What is to be done? Finish the job of deregulation started in the late '70s (thank you, Alfred Kahn!) and reduce useless red tape and government bureaucracy in air traffic control, foreign-ownership rules, and more. Just ask Robert W. Poole, founder of Reason Foundation, the nonprofit that publishes Reason Online and the print mag, and an expert in all things aviation.
Editor's Note: As of February 29, 2024, commenting privileges on reason.com posts are limited to Reason Plus subscribers. Past commenters are grandfathered in for a temporary period. Subscribe here to preserve your ability to comment. Your Reason Plus subscription also gives you an ad-free version of reason.com, along with full access to the digital edition and archives of Reason magazine. We request that comments be civil and on-topic. We do not moderate or assume any responsibility for comments, which are owned by the readers who post them. Comments do not represent the views of reason.com or Reason Foundation. We reserve the right to delete any comment and ban commenters for any reason at any time. Comments may only be edited within 5 minutes of posting. Report abuses.
Please
to post comments
Well, I always say nothing improves customer satisfaction like a nice thick layer of regulation and bureaucracy.

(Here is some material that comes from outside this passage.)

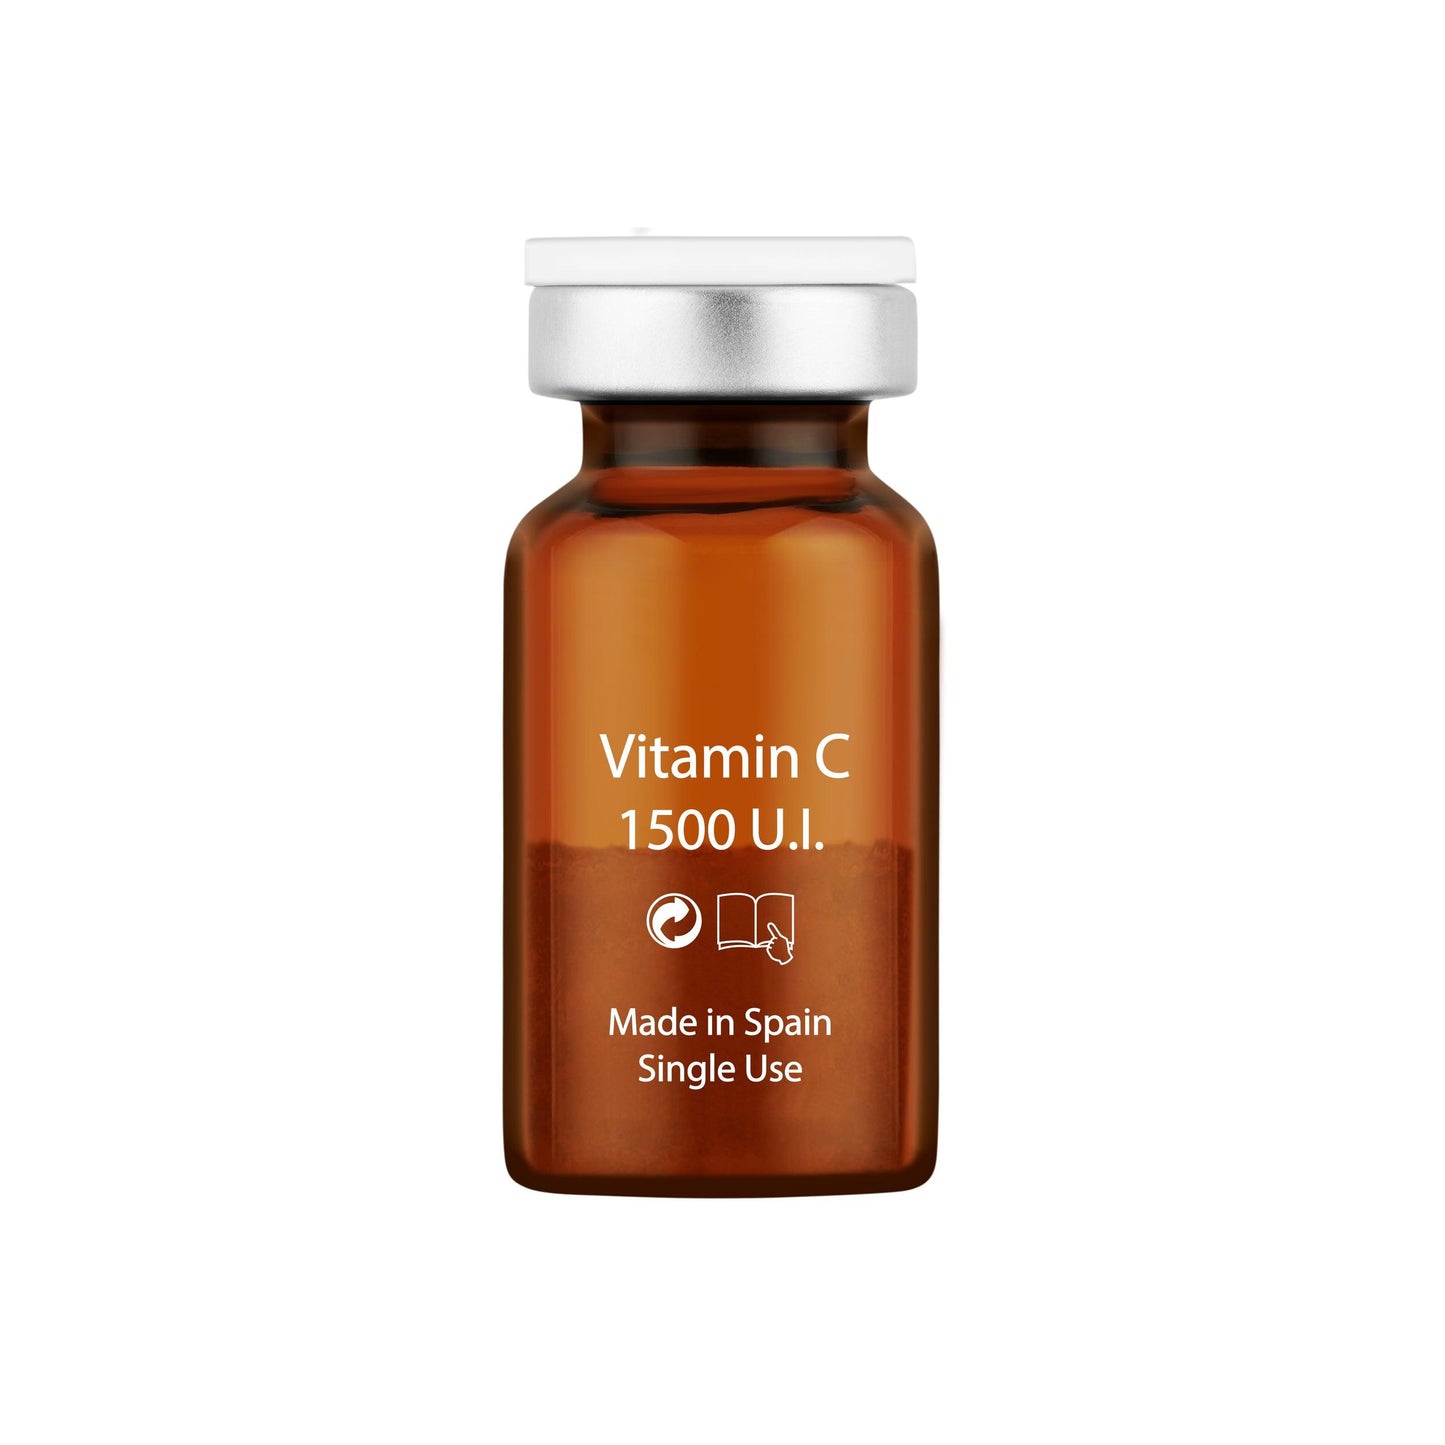 Vitamin C 1500 U.I. Vial - MCCM Medical Cosmetics

I wonder which regulation is causing more bags to be lost?
magical thinking. The market fairies.
The future of domestic air travel may be direct flights through small regional airports. The time hassle is much less than at a major hub and the hub and spoke system is just broke with all the new layers of bureacracy. This requires smaller planes.
Embraer Rule of 70/110
I wonder which regulation is causing more bags to be lost?
Regulations that prevent foreign ownership of US airlines prevent highly-profitable, service-oriented foreign airlines from competing in the US. The overall quality of serive in the US is far below what it could be (and that includes baggage handling).
carrick,
Did the airlines become LESS foreign-owned when the rate of lost bags increased last year?
I don't think they did.
Last year, 6.50 bags were lost, stolen or damaged for every 1,000 passengers, compared with 6.06 in 2005....
Not good.
On-time performance worsened last year, the report said, with 75.5 percent of flights arriving on time, compared with 77.3 percent in 2005....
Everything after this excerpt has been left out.